Dr. Diana Barnard thought the palliative care program at Porter Medical Center in Middlebury was the best idea she ever had.
Partners in Palliative and Home Care, which Barnard pitched to the hospital along with Dr. William Porter in 2009, gave patients with serious illnesses more say in their treatment and provided care in a home environment. After two and a half years, the program will close at the end of this month.
The palliative care program allowed doctors and nurses to meet with patients in their homes and carefully craft a plan for the patient’s goals for dealing with illness or terminal disease. The program was designed to provide holistic care for patients with serious conditions, Barnard said.
Palliative care gives patients relief from the symptoms, pain and stress of a serious illness. Unlike hospice care, which is only covered by Medicare for patients who have been given a prognosis of six months to live, palliative care professionals provide care even if a patient doesn’t have a terminal diagnosis.
“I’ve never felt so strongly that what I’m doing is so right, and it mystifies me that it can’t keep going,” Barnard said.
Palliative care presented an alternative for patients with life-threatening, chronic conditions who are not able to express their wishes in intense hospital environments.
“People feel overwhelmed and intimidated in an office setting,” Barnard said.
The program was popular, but Barnard and Porter were emotionally drained by the long hours involved in making home visits for treatment of seriously ill patients. Both doctors were hired as three-quarter time employees, but they worked many more hours than they were paid for. Dr. Porter resigned from his post last summer, according to the Addison County Independent.
Private insurance companies, Medicare and Medicaid didn’t fully reimburse costs for the program. While home visits were covered, Barnard said, coordination and travel weren’t. In a medical system that is based on “fee for service” or payment for medical providers based on individual tests and procedures, she said it is difficult to reward doctors and hospitals for the benefits of a happy patient who opted to deal with a condition at home rather than undergo further hospital visits.
“The value that it brings to people cannot be judged in a fee-for-service model,” Barnard said.
After Dr. Porter resigned from his post, the hospital could not find another physician, and eventually Barnard and the hospital could not agree on how to continue the program. Barnard hopes to continue her work in palliative care elsewhere in Vermont.
James Daily, president of Porter Medical Services, said the hospital was concerned about the costs going forward, especially since many of the expenses would not be covered by Medicare—the federal program that insures people who are 65 or older, or disabled.
“All the payers should reward services that are going to keep people comfortable and help them avoid expensive care that won’t extend their lives in a meaningful way,” he said.
Daily said despite the inadequacy of the Medicaid and Medicare reimbursement system, “there’s clearly a need for it.” He said he hoped to work with community partners like Addison County Home Health and Hospice to continue to provide palliative care services.
Healthcare providers at Porter Medical Center are not the only ones mourning the closure of Partners in Palliative and Home Care.
Dr. Allan Ramsay, former medical director of Fletcher Allen Health Care’s Palliative Care Service, said the loss of the program at Porter will be unfortunate for the community and the state.
“The focus is on quality,” Ramsay said. “It’s about controlling symptoms and allowing them (patients) to set goals.”
Over time, Ramsay said, a good palliative care program will reduce costs for hospitals. The idea, he said, is to improve the quality of life for people with serious illnesses who generate the most costs for hospitals and the system in general. A good palliative care system can shorten hospital stays, reduce unwanted diagnostic services and reduce admission rates, Ramsay said. The important part is listening to what a patient really wants and setting goals accordingly.

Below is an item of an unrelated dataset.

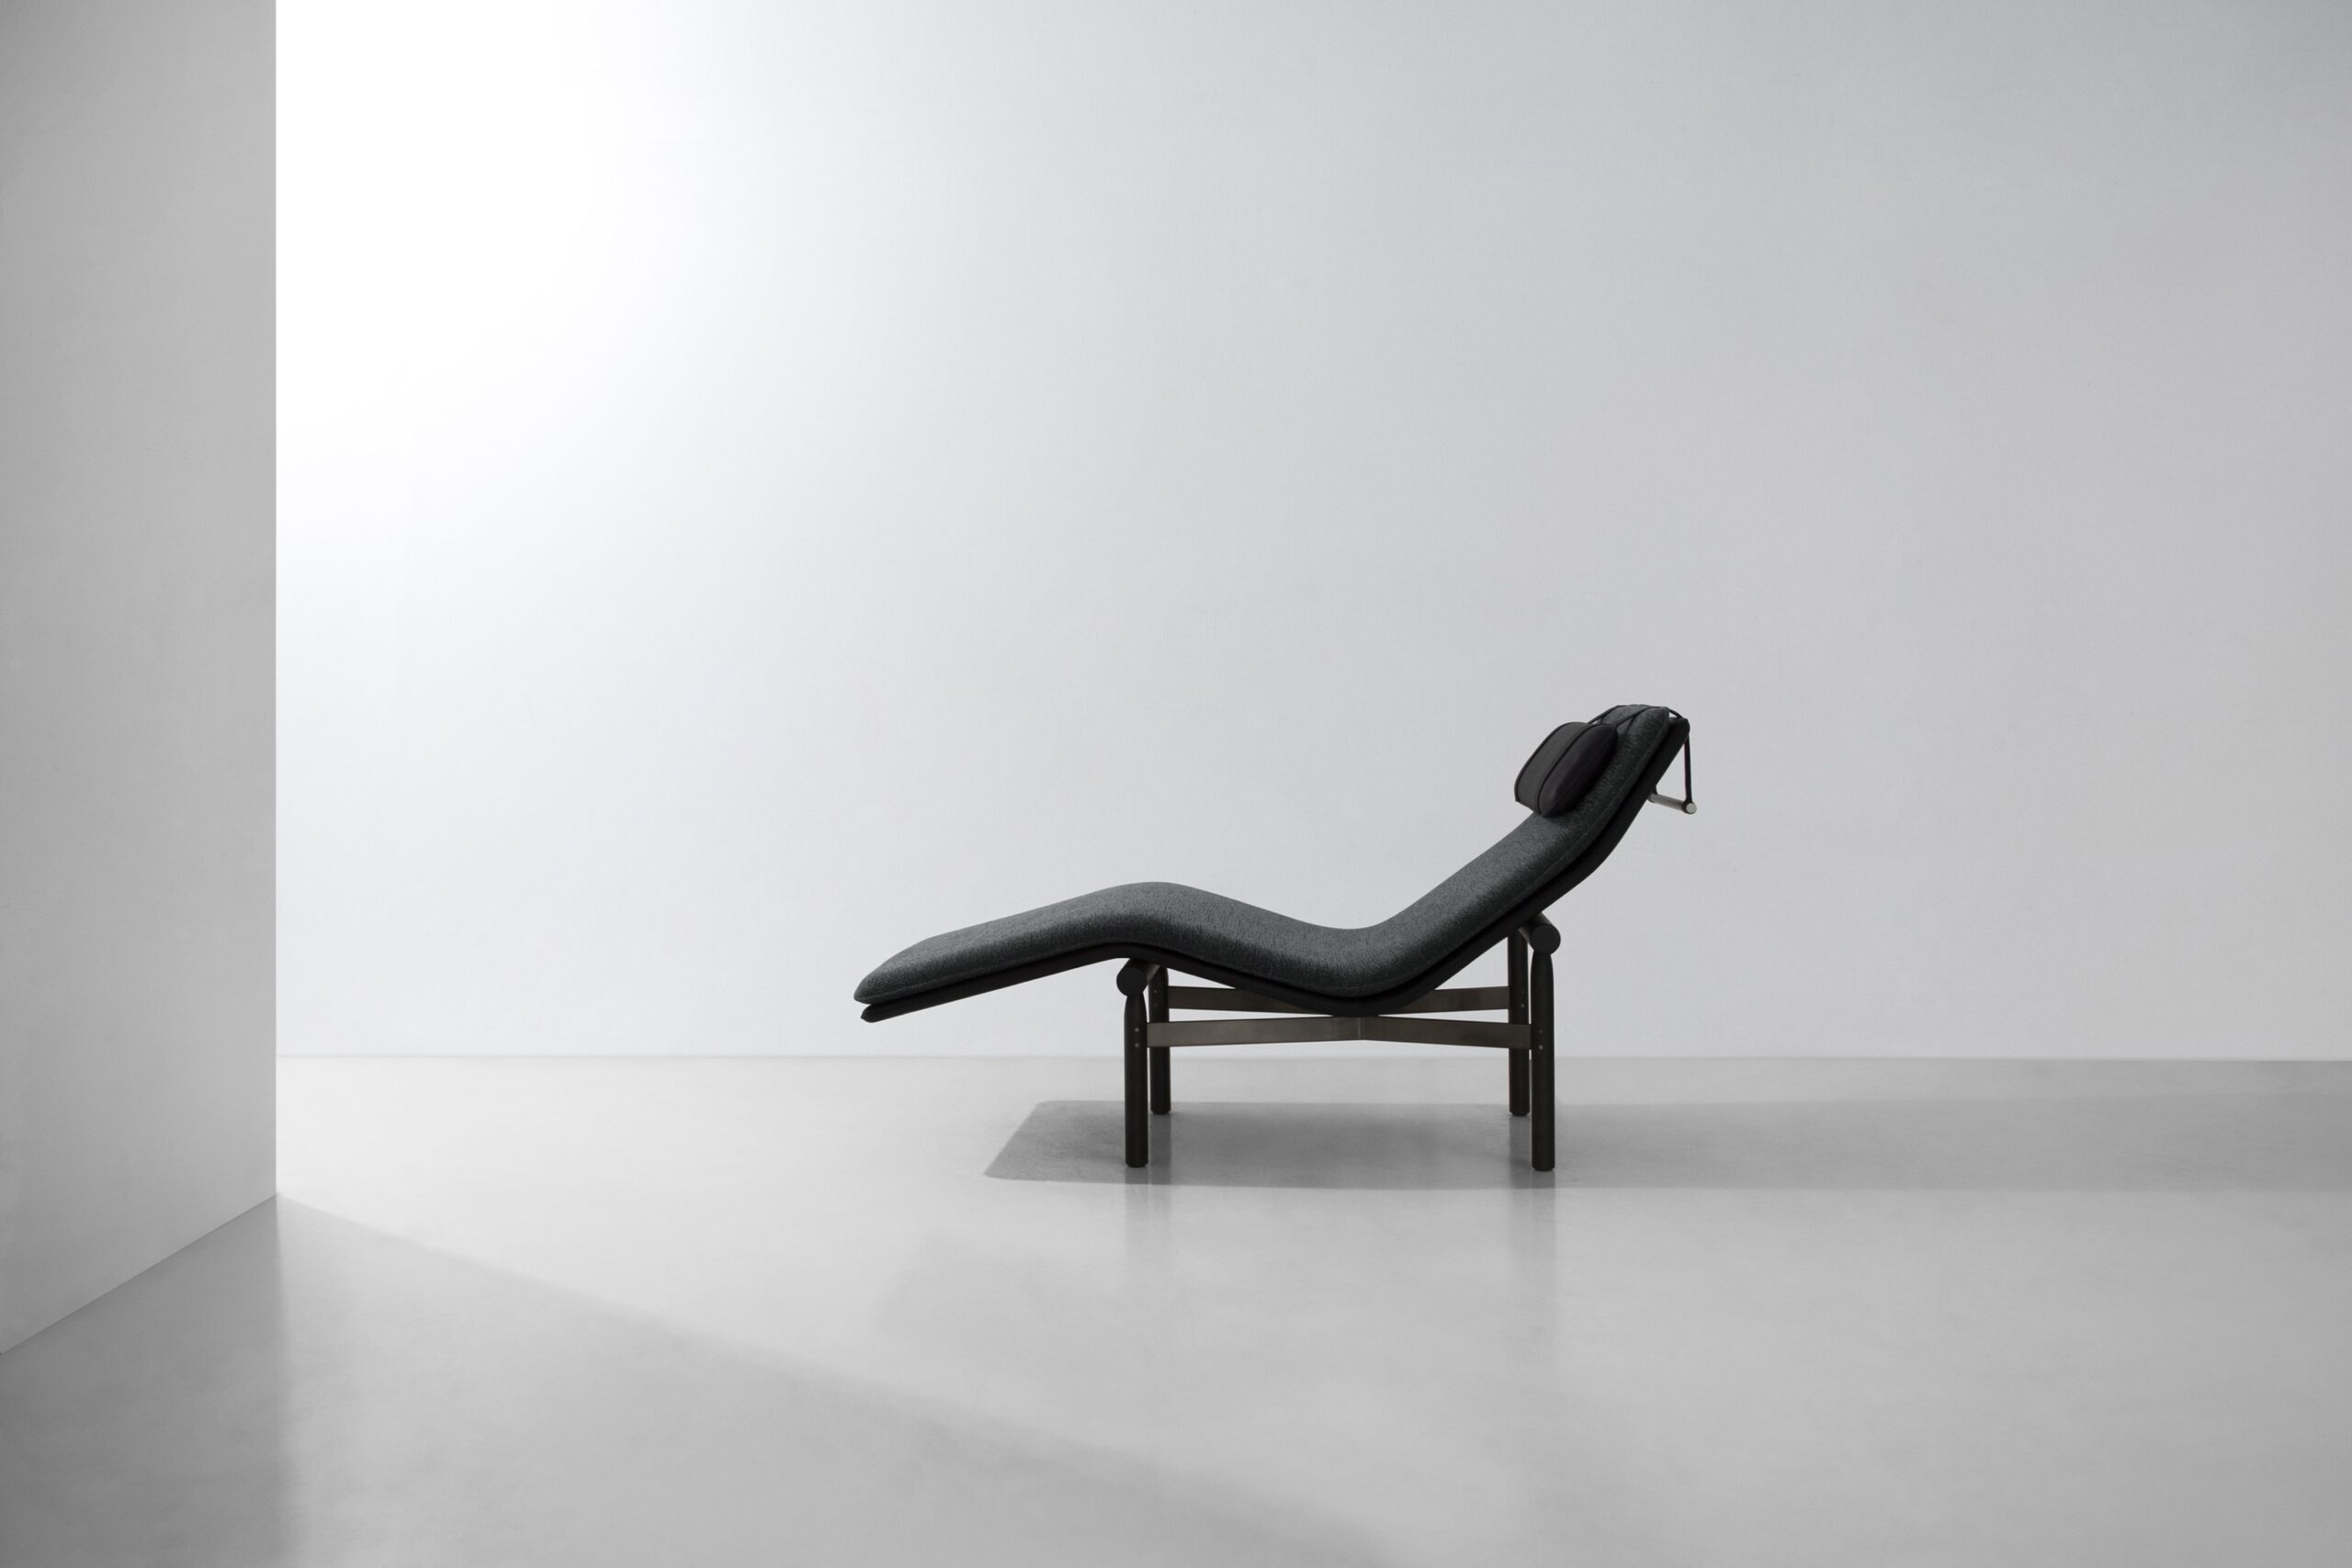 Stilt Chaise Lounge

The purpose of a palliative care program is not, as critics argue, to ration care, Ramsay said. The objective is to give patients more control over their treatment.
In the short term, the costs of care coordination and counseling for patients that are not reimbursed by insurance companies and federal programs may exceed revenues for hospitals, he said. This is the conflict between quality-based care and the fee-for-service model. Larger hospitals like Fletcher Allen Health Care, Ramsay said, are more able to absorb the costs of such programs while smaller facilities may struggle.

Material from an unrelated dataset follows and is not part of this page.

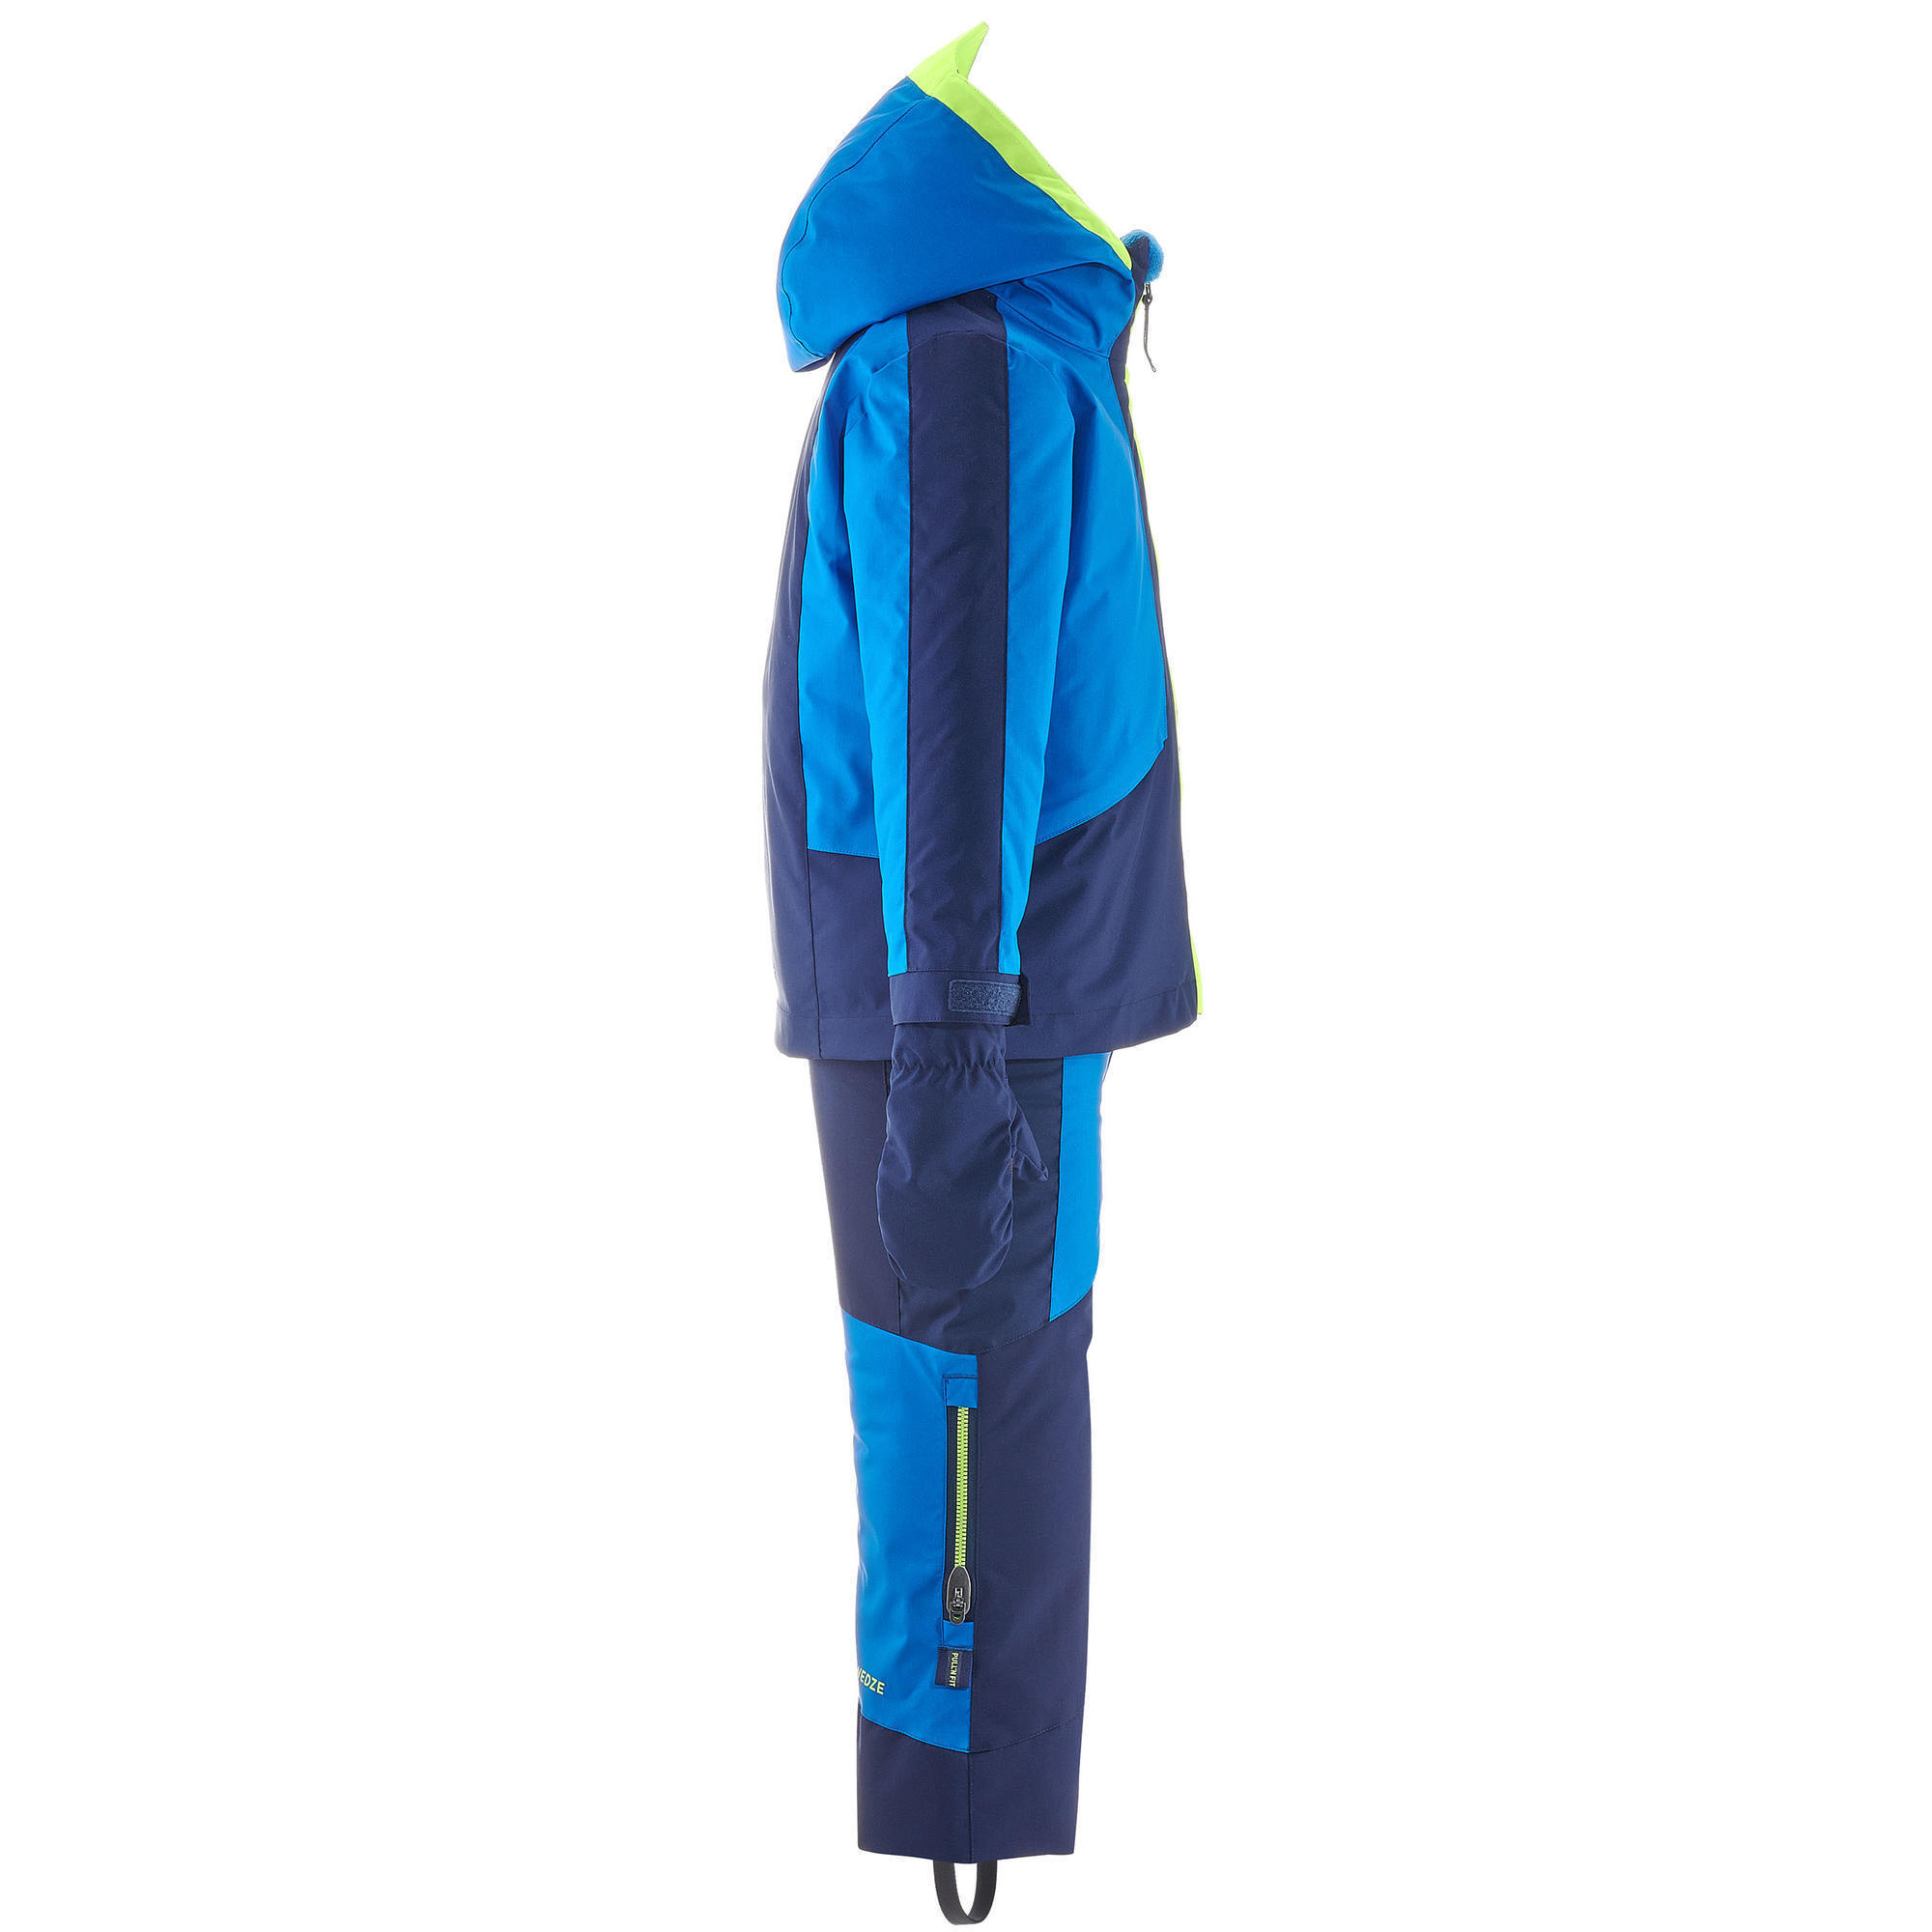 Kids’ Warm and Waterproof Ski Suit 580 - Blue 4/19

Ramsay is a member of the Green Mountain Care Board, the five-member panel tasked with reforming Vermont’s health care system. He said he hopes to make palliative care a focus of health care reform. For now, he said, the Fletcher Allen Rural Palliative Care Network will continue to work with physicians at rural hospitals to help them provide comprehensive palliative care for their patients.
As for Dr. Barnard, Ramsay said, “she was ahead of her time, and she provided a great service.”